And some ridiculous amount of time later (no, seriously, I think it was years) I found out she was a he. I was so damn disappointed because my immediate thought was: Oh, well obviously, I have to find a new favorite poet.

There’s no way a MAN “gets me”. There’s no way a MAN can be my soul sister.

…right?

But then I realized that all of that is bullshit. I kept him around, my loyalty to his parenthetical ways winning over.

And I realized just the other day, as I was reading a collection of his in Half Price Books, that this shrug and grin of a “Yeah, I accept that I’ll never love another poet more” is prettyyyy similar to real-life-hesitant-already-had-your-heart-broken-but-c’est-la-vie-love.

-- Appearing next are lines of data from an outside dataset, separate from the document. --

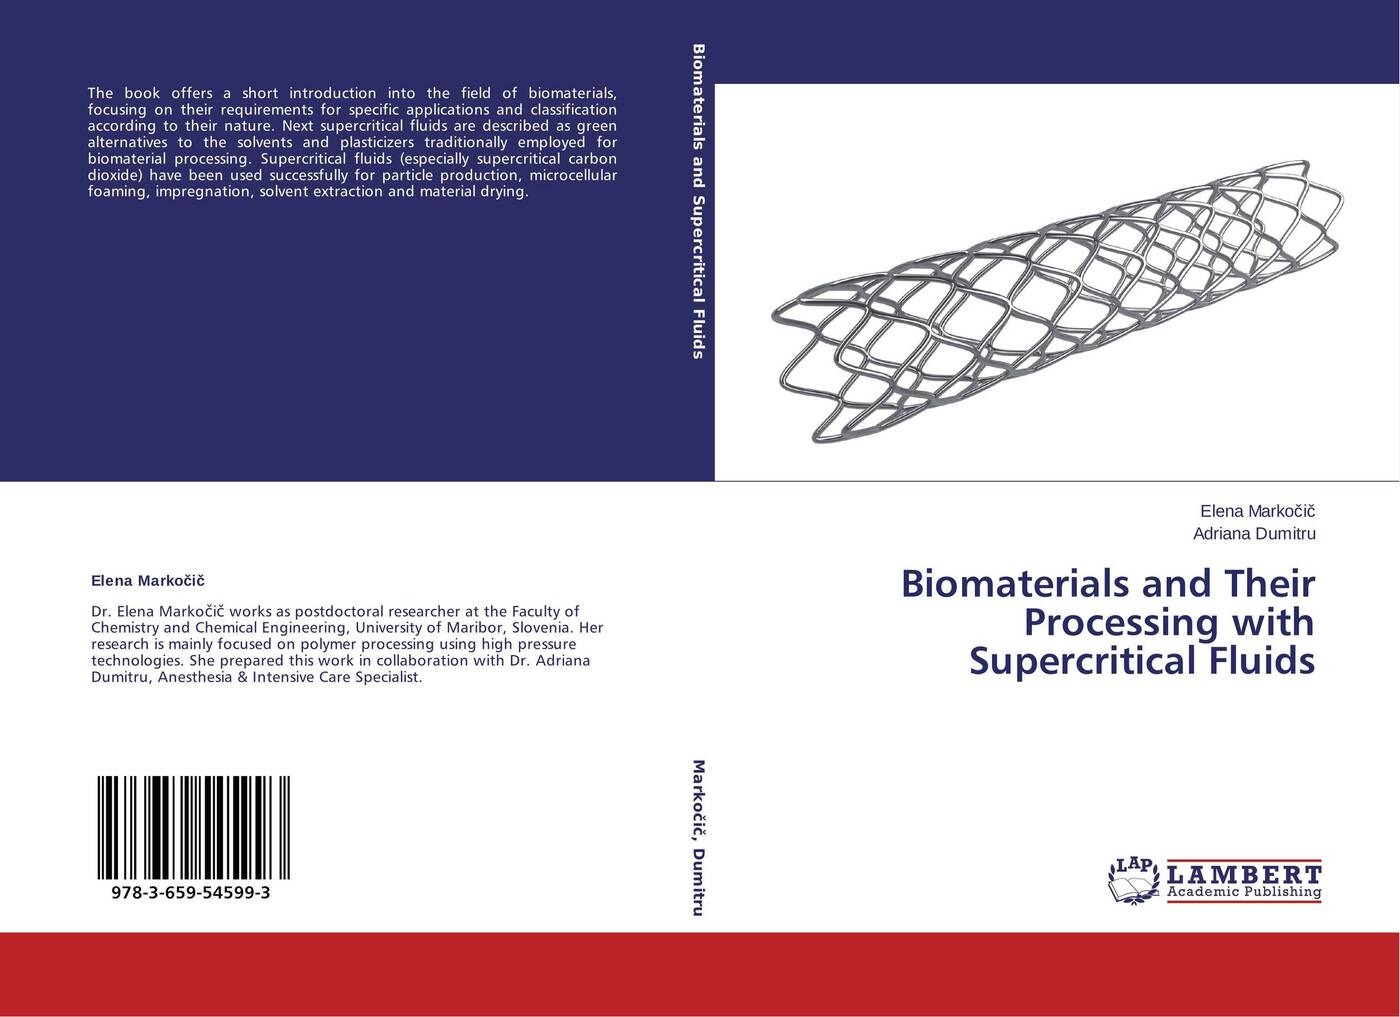 Elena Markočič and Adriana Dumitru Biomaterials and Their Processing with Supercritical Fluids applications of supercritical angle fluorescence
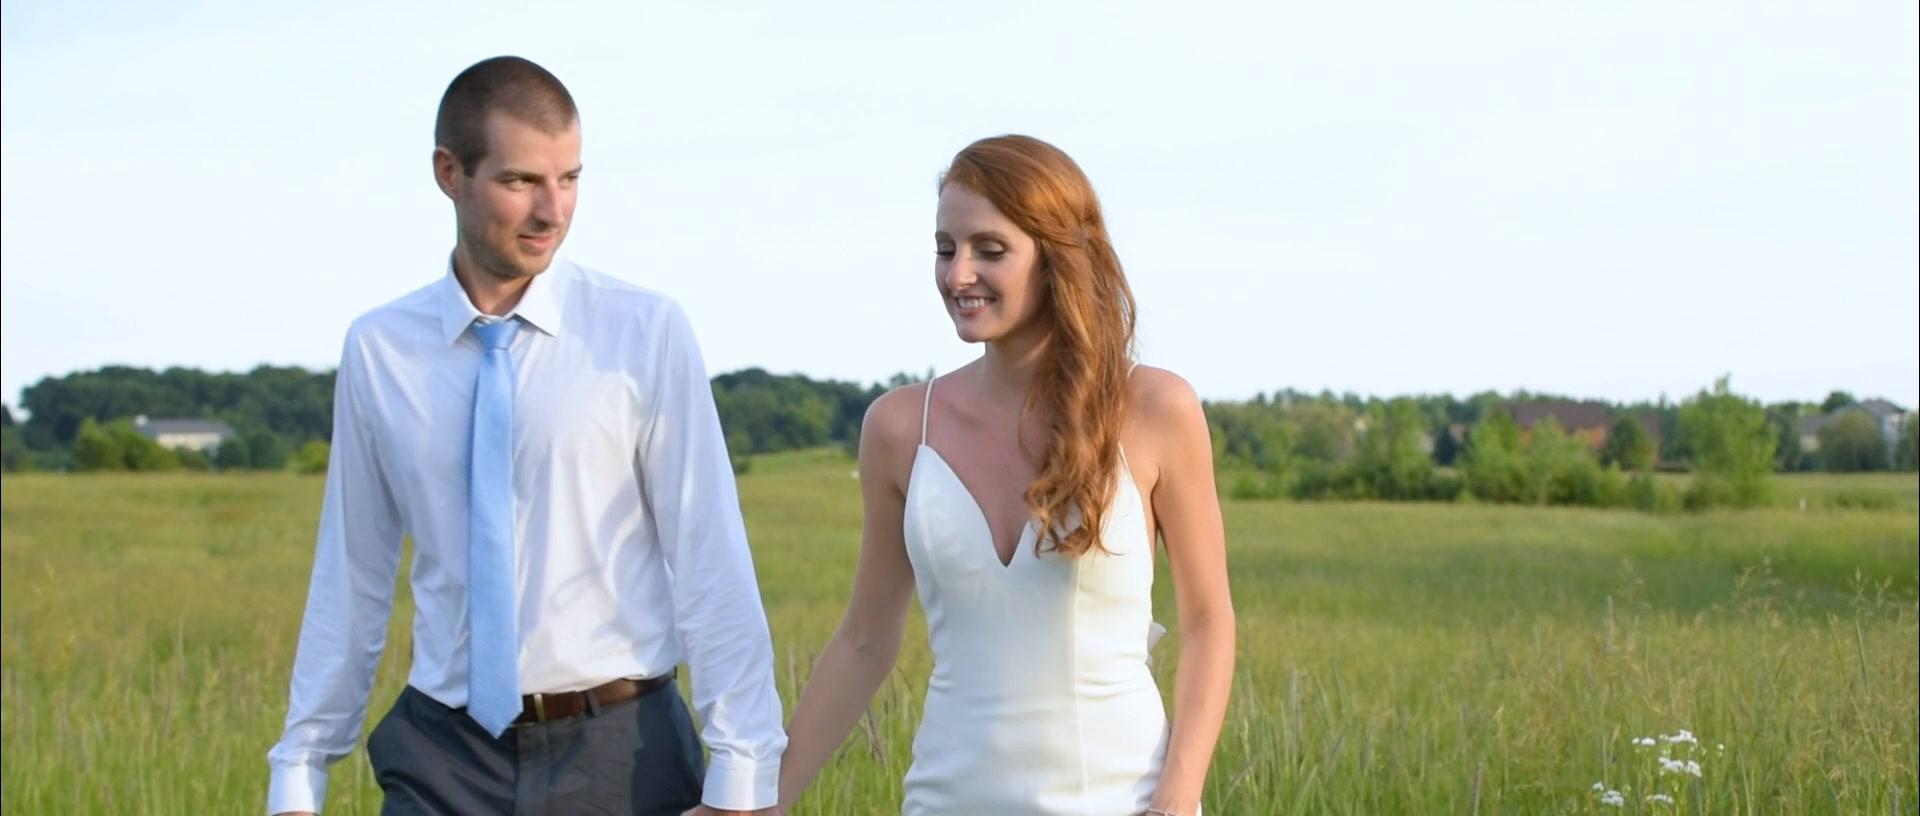 Amber + Graham | Grant, Minnesota | Dellwood Barn
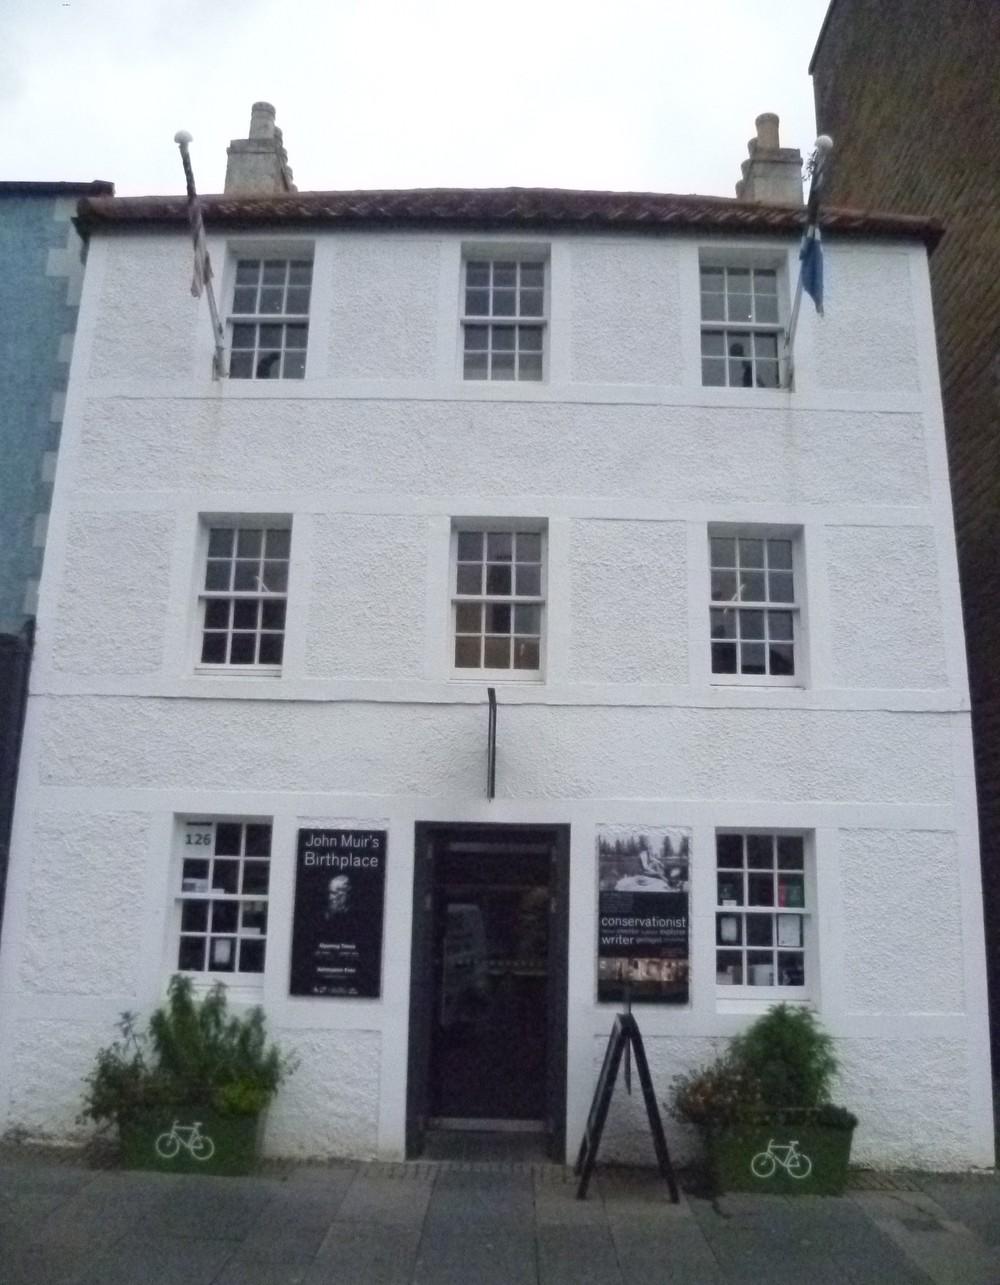 John Muirs Birthplace Dunbar
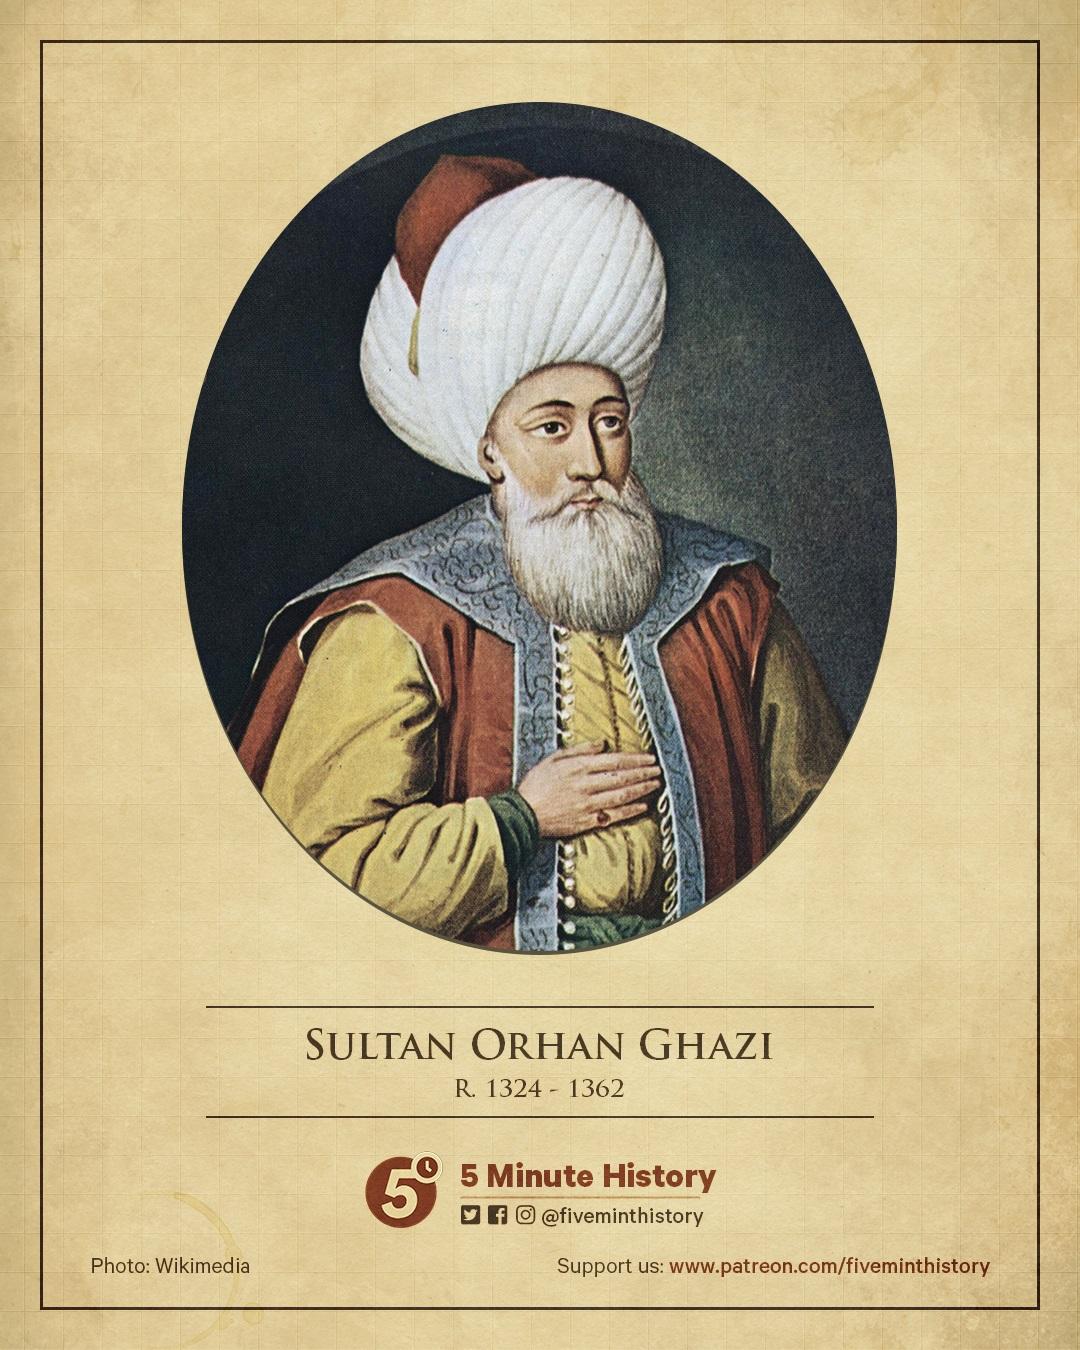 Sultan Orhan Ghazi, a brief biography
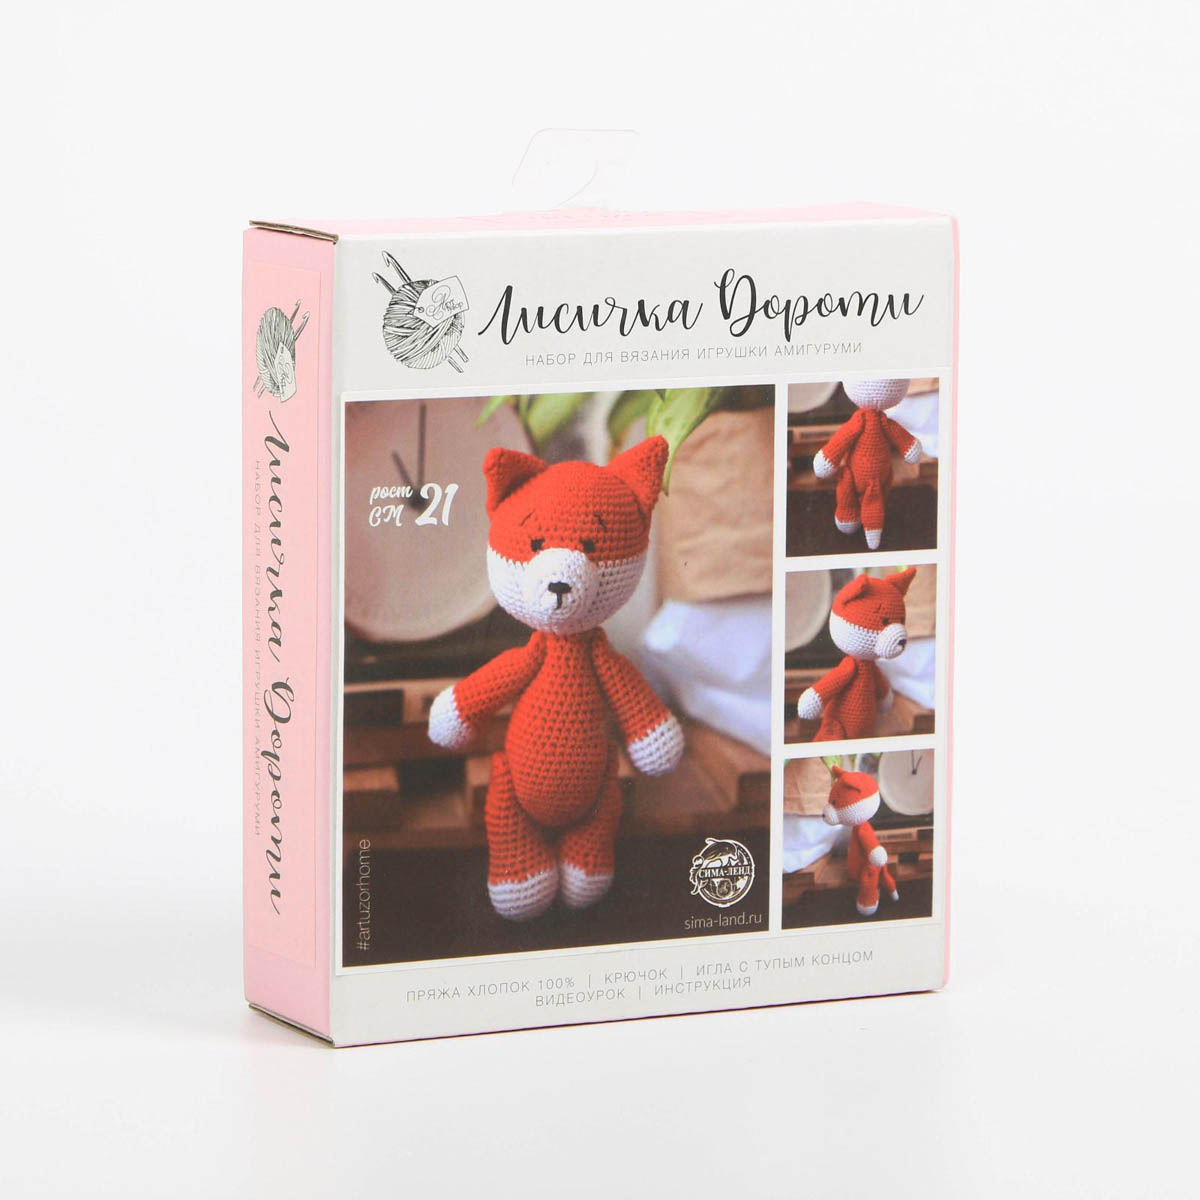 2724099 Амигуруми: Мягкая игрушка 'Лисичка Дороти', набор для вязания, 10*4* 14 см

I even wrote a poem about it. Something kinda cheesy about waiting for you to find me on a dusty bookstore chair. You lost somewhere in my life’s biggest love—but probably in the sections I’ve always left untouched (Art History, Non-Fiction). Too uninterested in browsing through other poets, too forever-drunkenly-fulfilled on Cummings’ words, kinda like how I feel about you. So tipsy on your everything, inclined to keep you for good, for you to be the accidental-favorite, the collection I come back to every time, for every mood, in every Sunday afternoon stroll through shelves…

Anyway.

Cummings is a man, y’all. And GODDAMMIT it hurts/is amazing/sucks/yes! when you’ve found a…highly preferred…poet.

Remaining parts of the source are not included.